This week I was able to clear the roadblocks on the attestation aggregation branch as well as test the lazy attestation aggregation branch with flamegraph. Given that progress I've started to look forward to the next phase of my contributions to the project, namely attestation packing.
You'd be right to suggest that the whole project is about attestation packing. However, in this context I'm referring to the packing phase as Satalia describes it in: https://lighthouse-blog.sigmaprime.io/docs/satalia-02-exact-approaches.pdf. It really just assumes that the aggregation portion of things has already been done. Although it is likely less efficient to actually aggregate during the aggregation phase. Instead we could wait to know the final attestations that will be included into the block to aggregate. But I'm not sure if that will turn out to be the case in reality.

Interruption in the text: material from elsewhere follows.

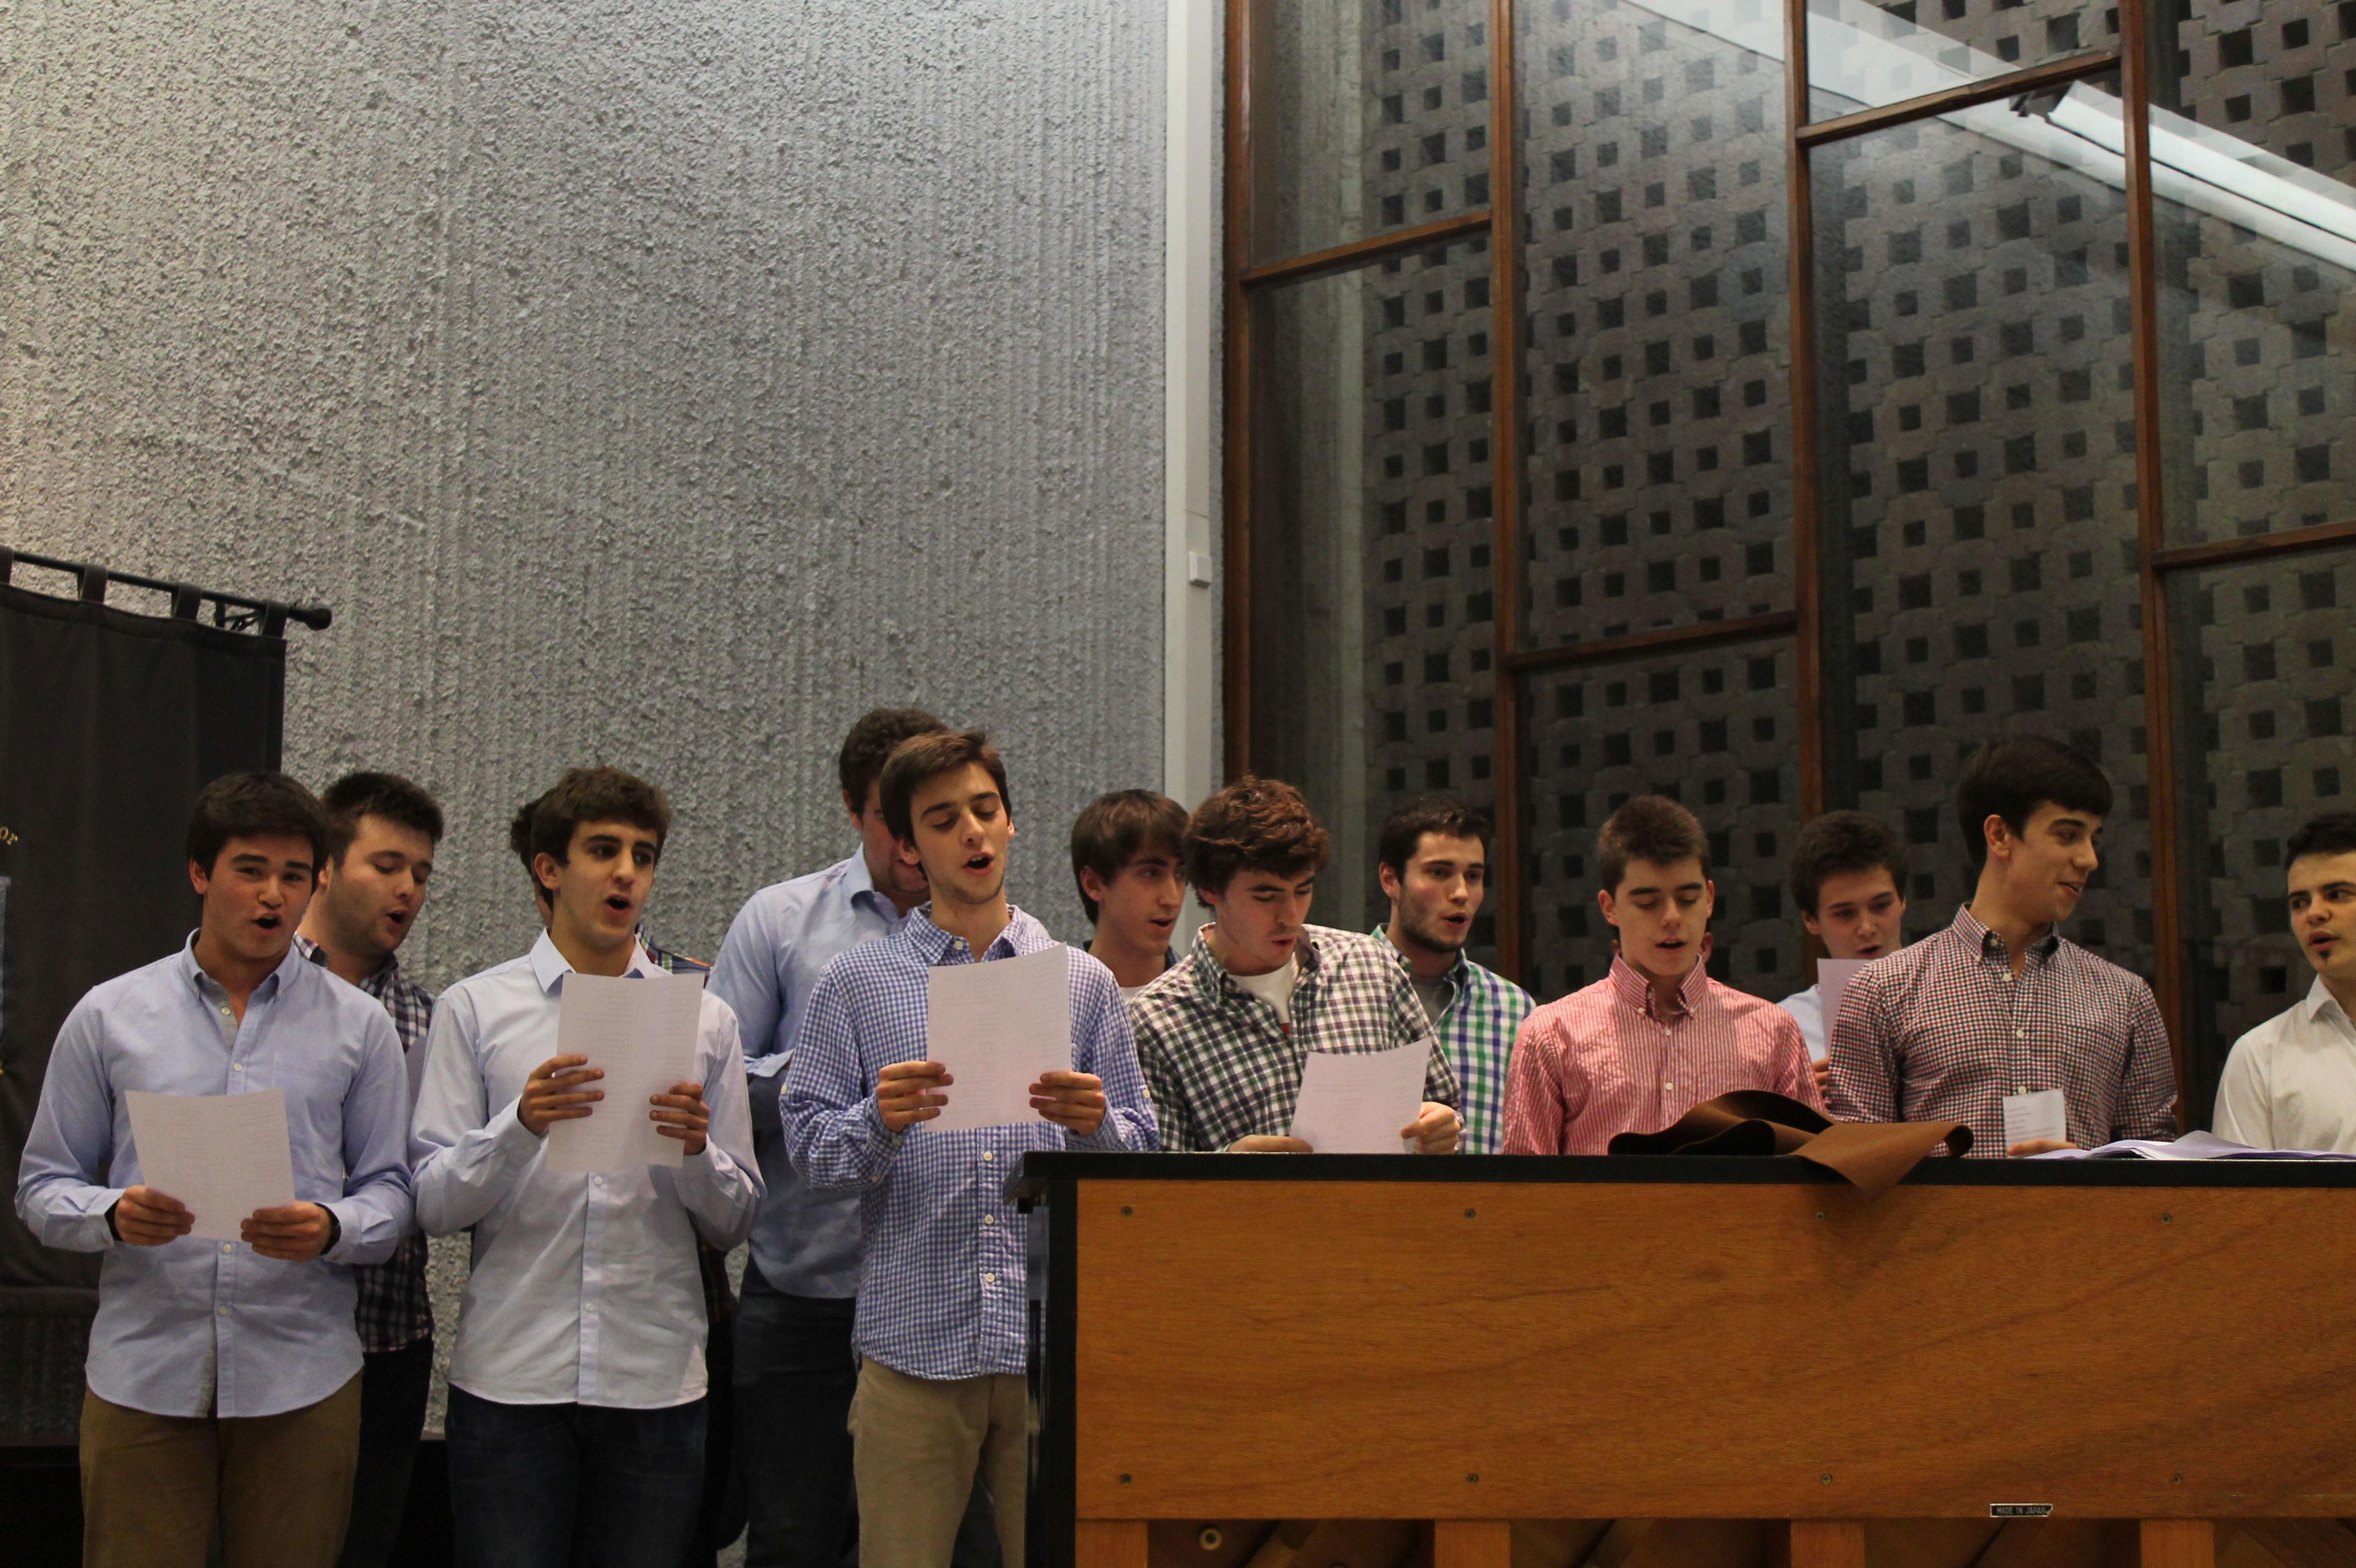 Foto 5 de Residencias de estudiantes en Bilbao | Colegio Mayor Deusto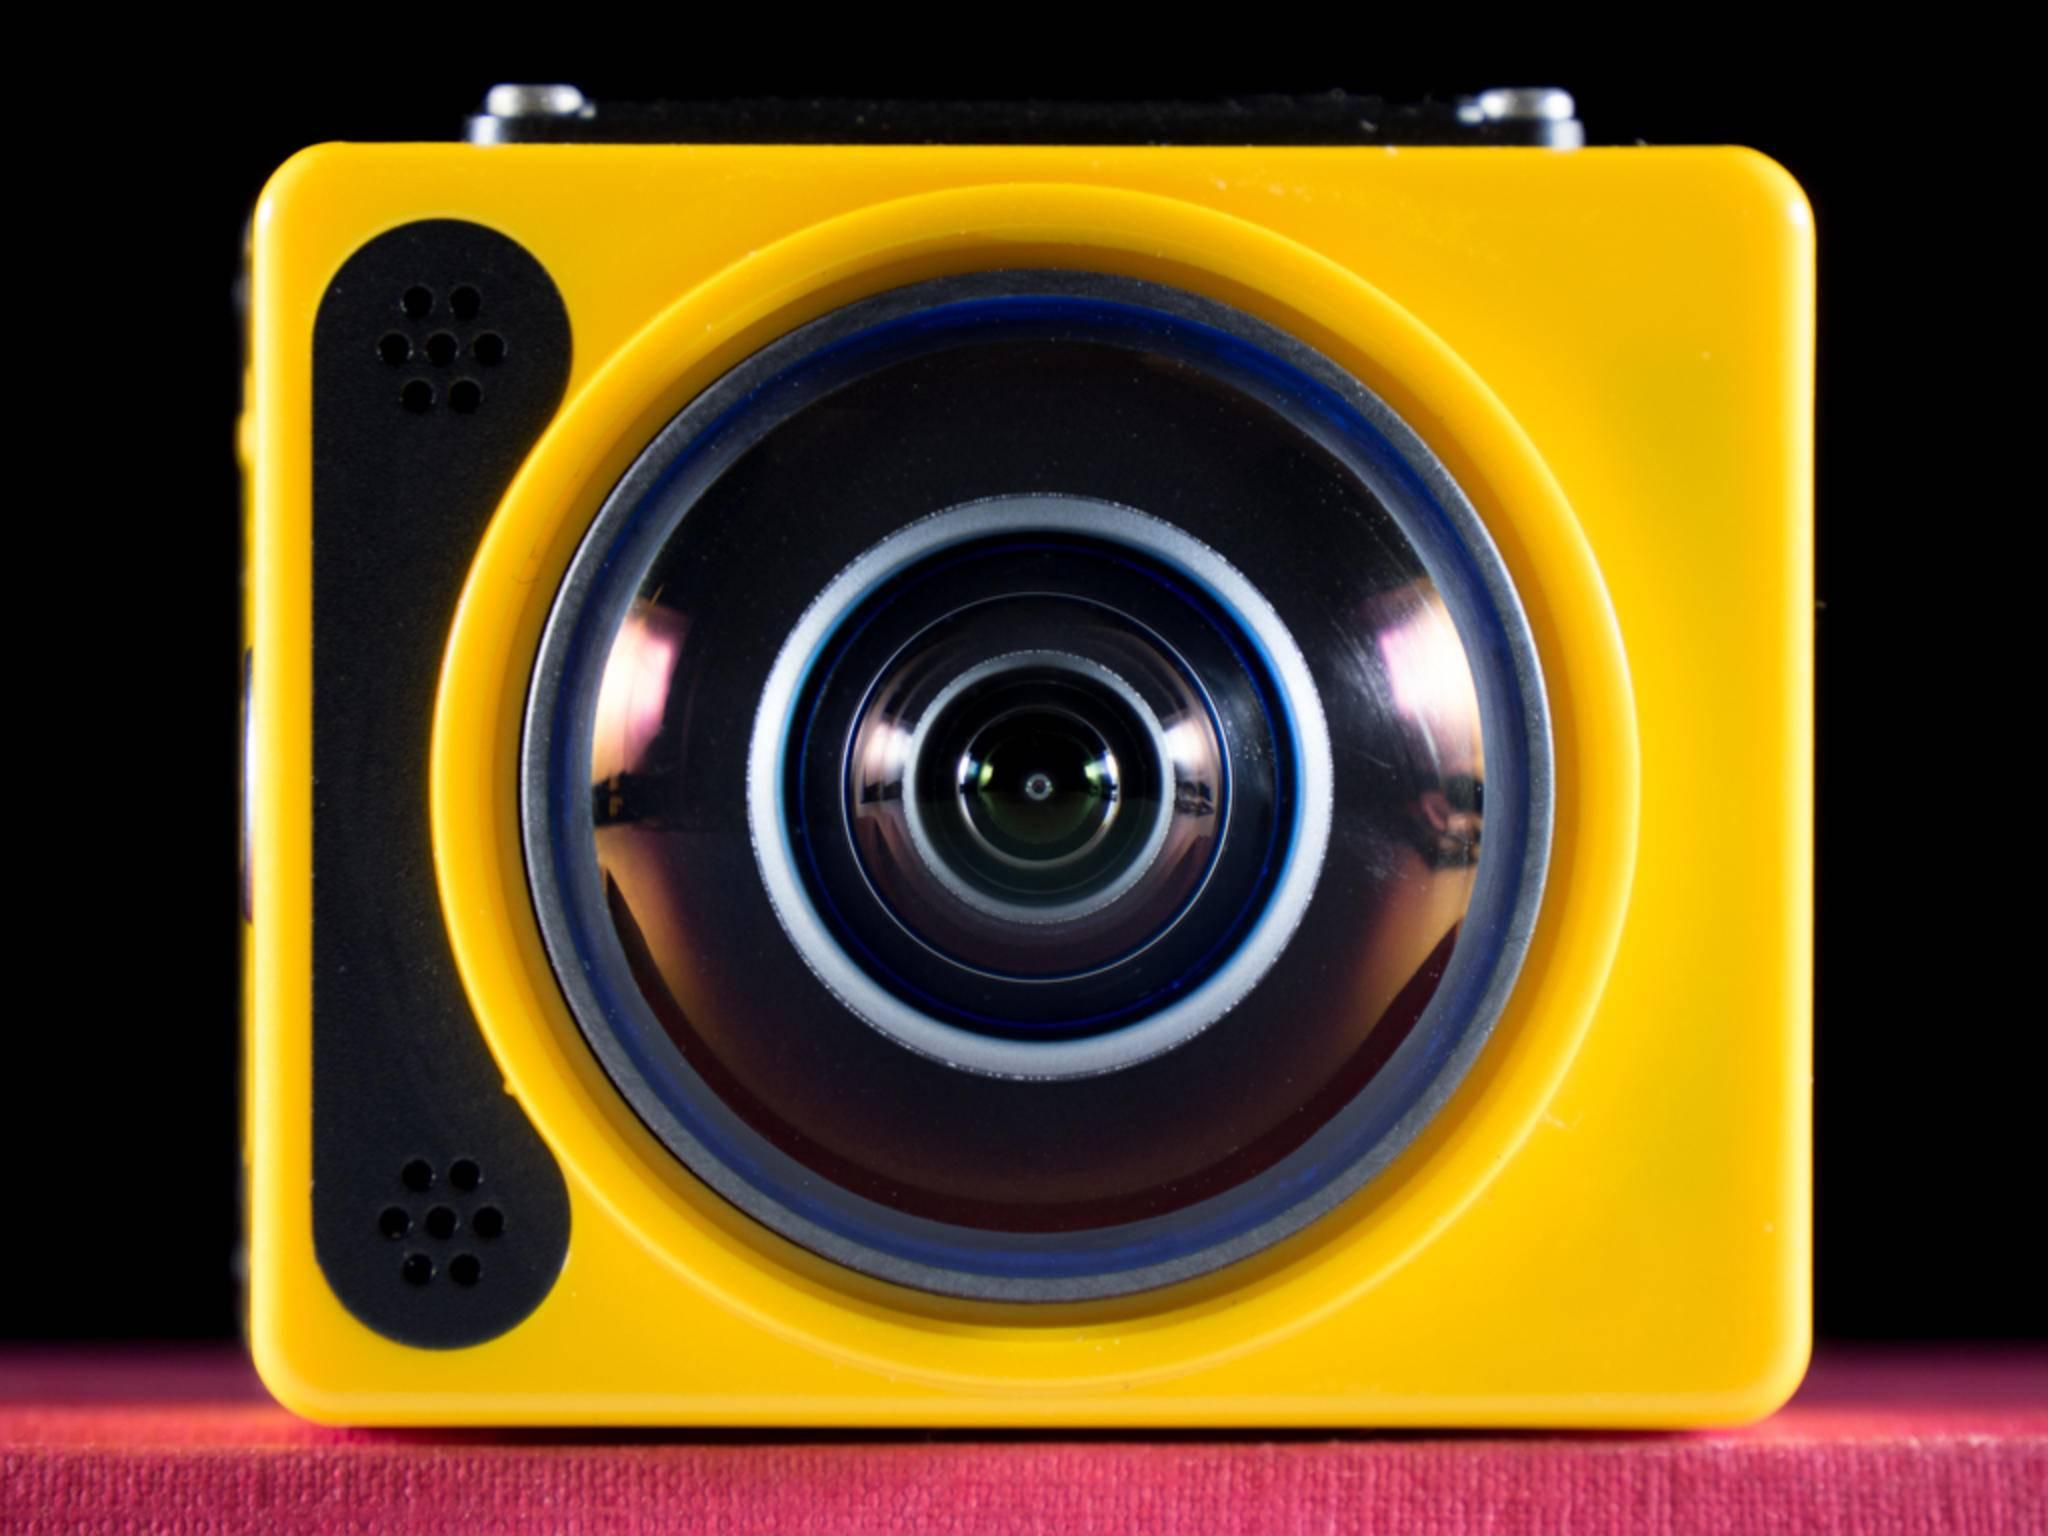 Auf den ersten Blick fällt das typische Kodak-Design ins Auge.

The major problem of the packing stage can be characterized by the fact that it is an instance of the weighted maximum coverage problem. We'd like to pick from a set the subset of aggregated attestations that maximize the number of attesters that are included subject to the weights (associated rewards) and the contraint that only N attestations can be included in a block. The first approach proposed in the document linked above is called the MIP approach. A fitting name since it uses a Mixed Integer Programming solver to solve the entire problem of max coverage over the entire set of attestations available after the aggregagtion phase.
Satalia didn't stop there. They also proposed an optimization that they called the Decomposition approach. Here they make use of the strictly additive relationship of attestation rewards when the attestations have different attestation data. They split the problem into many sub problems that are still instances of weighted max coverage but over a much smaller set. This is expected to perform better given that the number of clique attestations per data is on average small. To stitch the subproblems together a dynamic programming approach to a problem similar to the Knapsack problem can be employed. This is used to select the number of attestations from each data to be included in the final selection.
Further, because the MIP solver takes time to start up and introduces a new dependency, Satalia proposed th Enumeration approach. This really isn't much of a new approach since it just substitutes the exact method of using the MIP solver with another exact method of using tree search algorithm called branch and bound. This is expected to increase performance because we will not have to wait for the MIP solver to start up for each subproblem. Additionally it introduces the possibility to optimize the search with better bounding functions or ordering of the search. So using the decomposition approach plus the branch and bound algorithm is the most performant approach in theory that we know so far.
Given the strict time requirements of the network even the enumeration approach might not be enough for optimal attestation packing to be feasible on all machines. There is somewhere around 950ms that can be used for this computation while waiting on the payload header from the MEV relay. Unfortunately, the MIP approach in some cases took upwards of 6 seconds. If the enumeration approach isn't fast enough, we will explore approximate algorithms which improve on the greedy approach to weighted max coverage. Possibly Randomized LP Rounding will be an approach to test.
I've been working on wrapping my head around the enumeration approach as well as familiarizing myself with related algorithms. I am beginning to implement this approach in a test repository.
This week I would like to test the maximum clique enumeration aggregation branch as well as the lazy attestation signature decompression branch. Unfortunately I don't have the resources to test these branches on my own, but thankfully Michael Sproul has offered to help us test on some of the infrastructure he has access to. Additionally, I would like to implement branch and bound in the test repository and test it's basic performance on a set of test instances to compare it to the MIP approach.